Step 5: Lubricate and Set up the New X-ring Seals
Coat the seals with shock oil earlier than putting in them. To keep away from oily fingers, place the seals in a plastic bag with just a few drops of shock oil and smoosh them round from outdoors the bag. As soon as they’re coated insert them into the shock physique with the spacer in between the seals. The translucent washer goes on final, adopted by the C-clip.
Step 6: Non-obligatory – Exchange the Piston and Shaft
You don’t want to switch the shock piston with every rebuild, as plastic sliding towards PTFE-coated aluminum in an oil bathtub doesn’t create plenty of put on. Likewise, the titanium-nitride coated shaft ought to outlast many seals. But when the piston match is sloppy (otherwise you need to swap the 2-hole pistons for 3-hole, or vice-versa), or the shafts are broken or scuffed and not have their shine (which makes them vulnerable to weeping oil), the components are straightforward to switch. Use a flat-blade screwdriver with a 1/8” tip to pop the e-clip off the tip of the shock shaft and launch the piston. Use a brand new e-clip from the #2362 rebuild package to safe the brand new piston. Should you’re changing a shaft, set up the decrease e-clip first, then the piston, then the highest e-clip.

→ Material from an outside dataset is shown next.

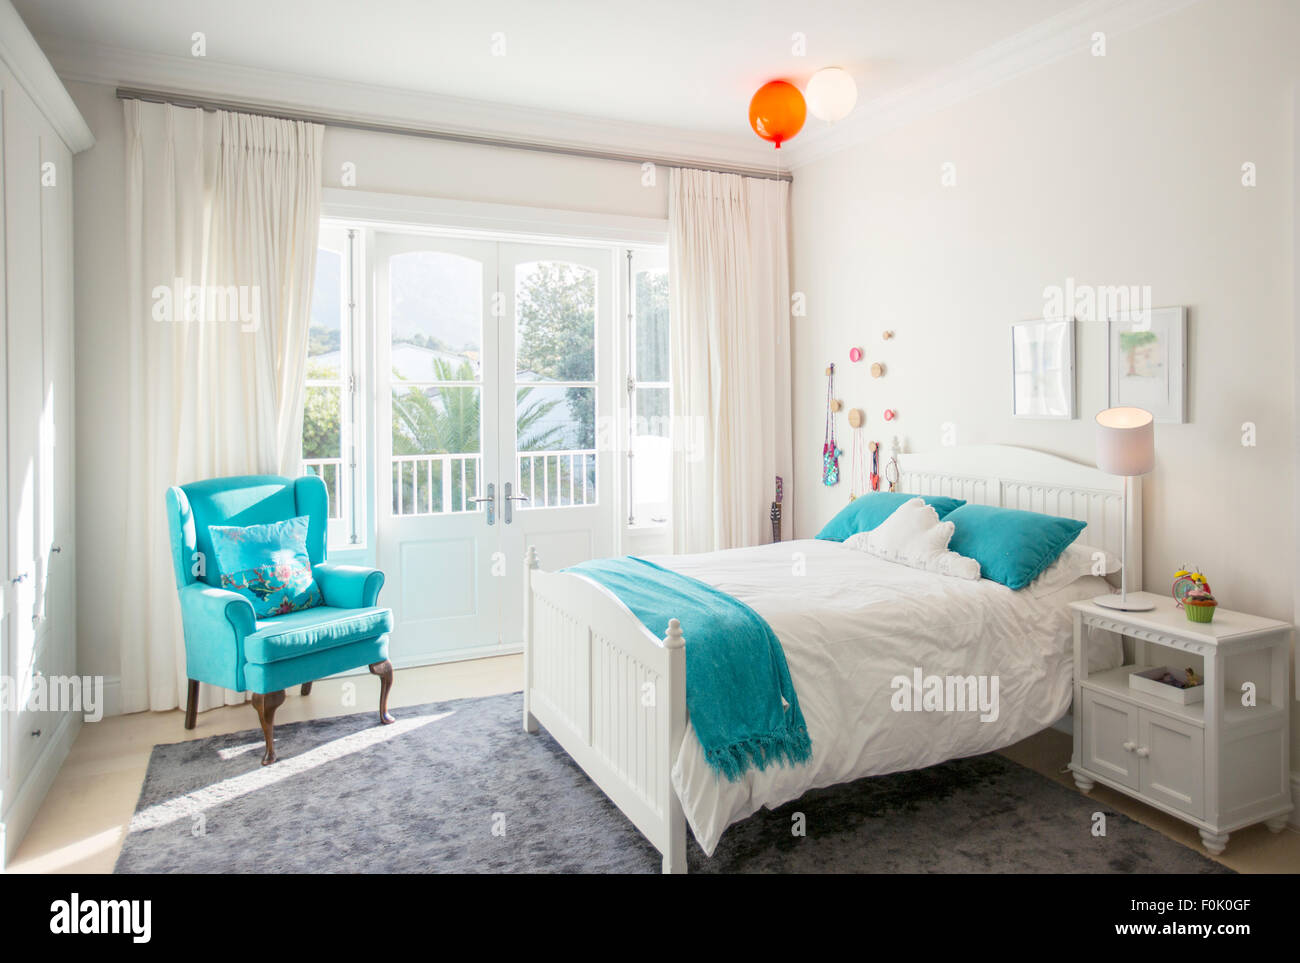 Turquoise color accents in child’s bedroom Stock Photo

Step 7: Reinstall the Shock Shaft and Rod Finish
Lubricate the shock shaft’s threads with shock oil to assist them cross by way of the seals extra simply, then insert the shaft into the physique. Wiggle the shaft to assist it cross by way of the seals. Thread the rod finish again onto the shaft, and the shock is now prepared for filling.
Step 8: Refill the Shock
This step has is definitely just a few steps. Correct filling is crucial to peak shock efficiency, so take the few further minutes required to do the job correctly.
With the shock shaft totally prolonged, fill the shock till it’s about 3 mm under the highest of the physique.

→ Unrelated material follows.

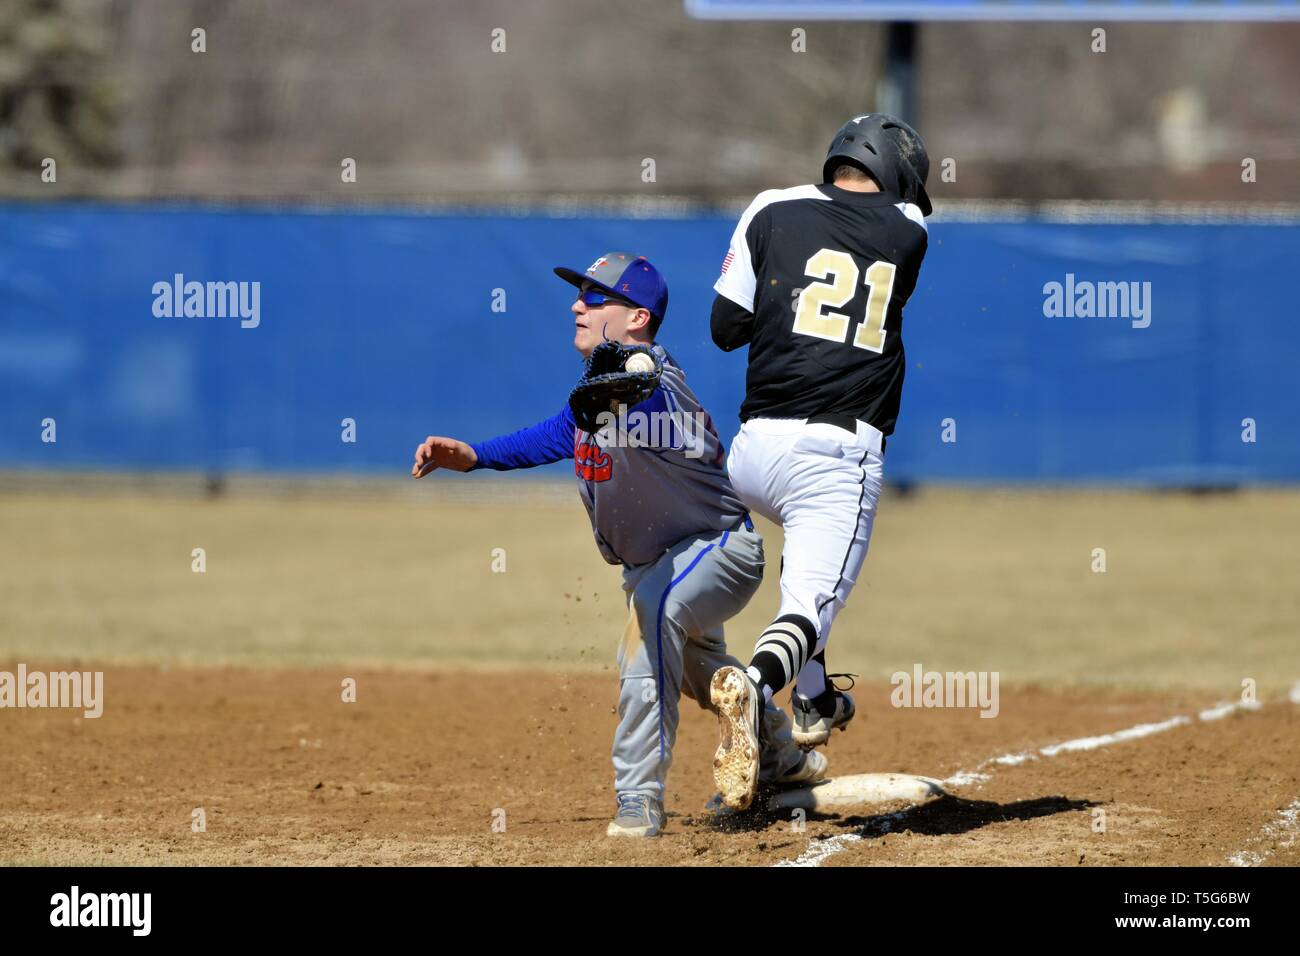 Base runner being retired on a close play at first base as the first baseman stretched to accept the throw. USA. Stock Photo

Slowly cycle the shock shaft up and right down to launch any air bubbles trapped in or under the piston. When all of the air bubbles have been launched into the oil, set the shock apart to present the bubbles time to dissipate. (Whilst you wait, you may transfer onto rebuilding the following shock.)
After the bubbles are gone, push the shock shaft into the physique till this piston reaches the highest of the oil. Add oil till the extent is about 1.5 mm from the highest of the shock physique.
Insert the brand new diaphragm included with the rebuild package. Some oil shall be displaced, which is okay.
Set up the shock cap and tighten it till it meets the shock physique. Cosy is all you want, don’t overdo it.
Step 9: Test Rebound
Press the shock shaft all the way in which in, so the rod finish meets the physique. Launch the shaft, and notice how far the shaft extends by itself. It ought to lengthen to between one-third and one-half of full extension. If the rod finish received’t attain the physique, otherwise you really feel plenty of resistance because the rod finish reaches the physique, then there’s an excessive amount of oil within the shock. Loosen the cap and compress the shock to push 2-3 drops out, retighten the cap, and check rebound once more. If the shaft doesn’t rebound in any respect, or you may really feel air bubbles within the oil, add just a few drops of oil. Repeat till the shock rebounds accurately, and you’ll cycle the shock shaft out and in with out listening to or feeling bubbles within the oil.
Coming Up in Half 3: Learn how to rebuild GTR aluminum-body shocks.